In this context the Anwar administration is contemplating a new GST, which it has hinted at but then denied. The long-planned reintroduction of the GST is a political hot potato that the government needs to carefully stage manage. Rafizi indicated as much on January 9 when he noted that “we are open [about GST], but we need to consider every angle before making a decision.”
At the same time, the ruling elites both in Malaysia and abroad are pressuring Anwar to move more quickly in imposing the debt crisis on workers and the poor. In September, for example, Sim Kwang Gek, the country tax analyst at major accounting firm Deloitte Malaysia, demanded a cut in the corporate tax rate from 24 to 20 percent in line with the reintroduction of the GST.
Sim noted, “Until and unless GST is reintroduced, the corporate income tax rate may remain at 24 percent, which is not competitive with countries in the region such as Singapore (17 percent), Thailand (20 percent) and Vietnam (20 percent).” The Federation of Malaysian Manufacturers has also consistently called for such a reduction, along with the reintroduction of the GST.
In its yearly assessment of Malaysia in mid-2023, the International Monetary Fund (IMF) lists “fiscal policy consolidation,” that is major government spending cuts, as its first policy recommendation. Further into its report, the IMF notes that “with no plans to reinstate the GST this year, the preparatory work for its reintroduction should be promptly initiated to lay the ground for effectively activating this indispensable source of revenue.”

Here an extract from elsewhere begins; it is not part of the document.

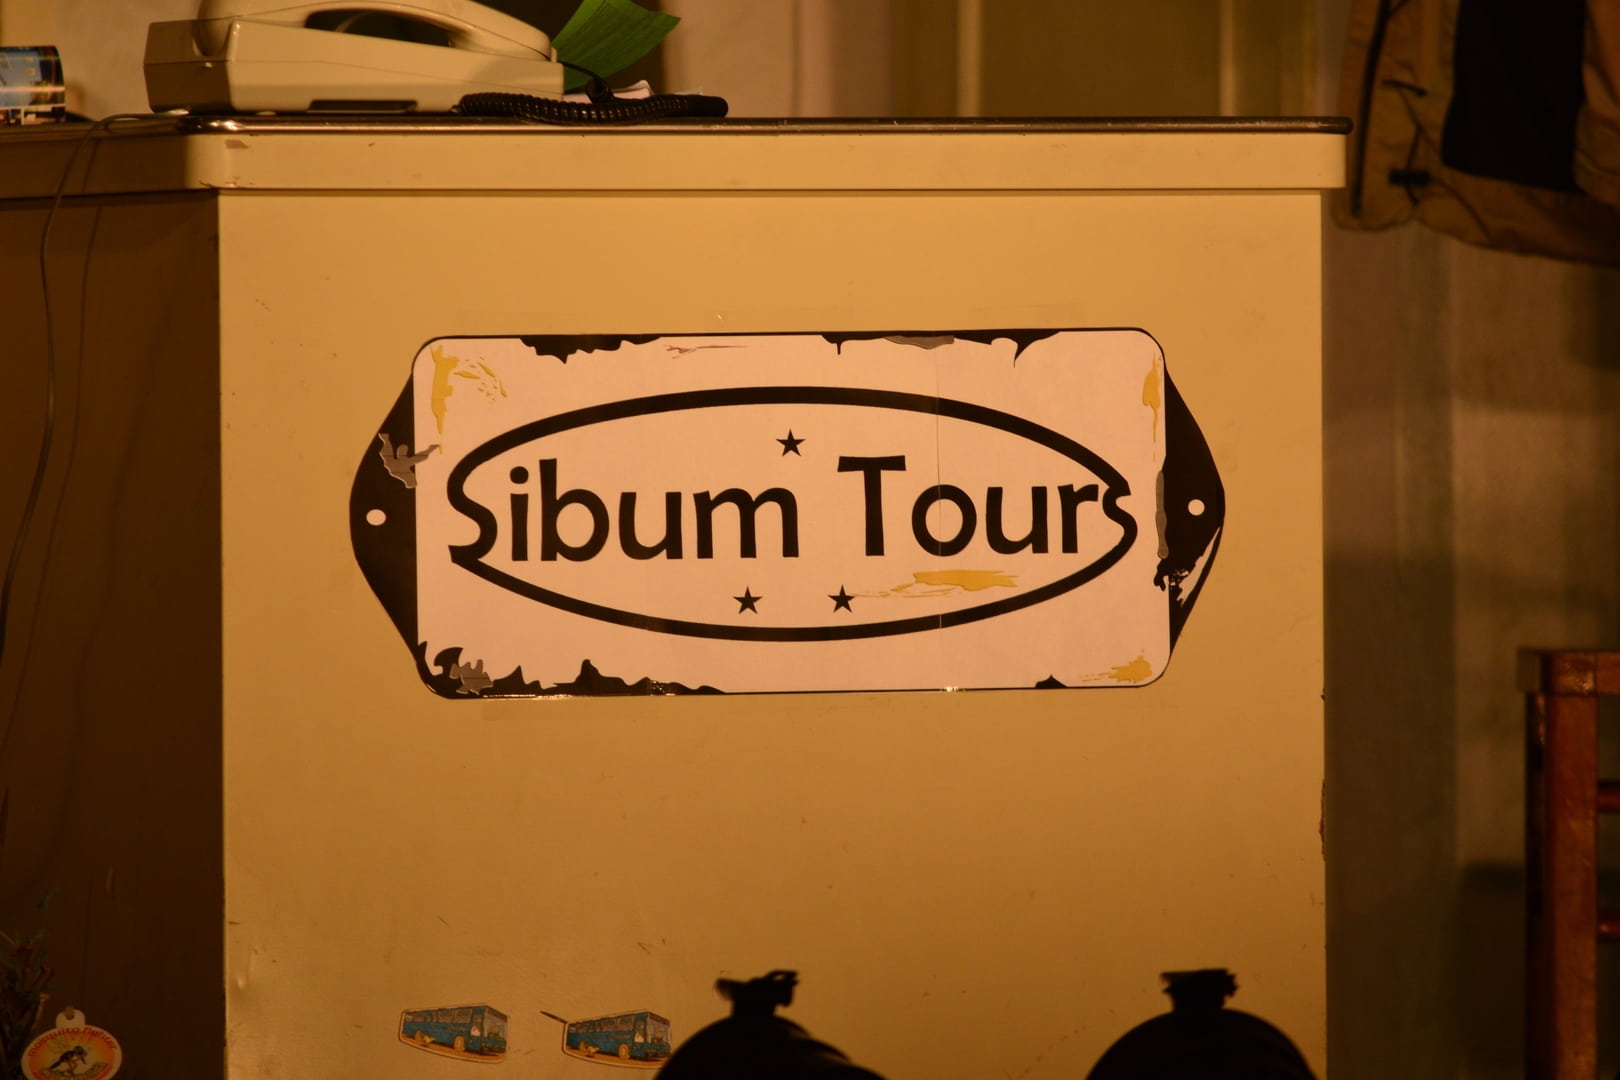 Herinneringen aan het oude Sibum Tours

With talk of GST’s reintroduction heating up last year, Anwar provided a written parliamentary statement on November 1 to head off mounting criticism. He stated that “the government has yet to revive the GST. Any changes to tax policy will have to take into account the impact on the economy and the cost of living of the people.” Anwar’s carefully worded statement did not rule out the re-introduction of the widely hated tax.
The repeal of the GST was Pakatan Harapan’s first out of ten campaign pledges when it defeated the United Malays National Organisation (UMNO) in the May 9, 2018 election. UMNO had previously ruled Malaysia since independence in 1957. The new government repealed the GST while imposing the SST scheme.
The former UMNO government of Prime Minister Najib Razak introduced the GST on April 1, 2015, setting it at a rate of 6 percent on goods and services. Unlike the current SST, which only covers approximately 38 percent of goods and services, the GST was much broader, covering approximately 68 percent of goods and services.
In 2016 and 2017, the first and second full years of the GST, the government collected RM41 billion ($US8.7 billion) and RM44 billion ($US9.3 billion), contributing approximately RM25 billion ($US5.3 billion) more in revenue than under the previous tax system. In a tweet on X/Twitter on October 4, Apurva Sanghi, the World Bank Lead Economist for Malaysia, estimated that the reintroduction of the GST would raise approximately RM19 billion ($US4 billion) in additional revenue.
One of the key reasons for the first introduction of the GST was falling dividend revenue from the state-owned petroleum company, Petronas. Faced with another growing economic crisis, the Pakatan Harapan government and the business elite promote the idea that the regressive impact of the GST can be mitigated through cash and other transfers to poorer households. This, however, is a fraud since the aim is to increase government revenue overall by taxing everyday goods and services.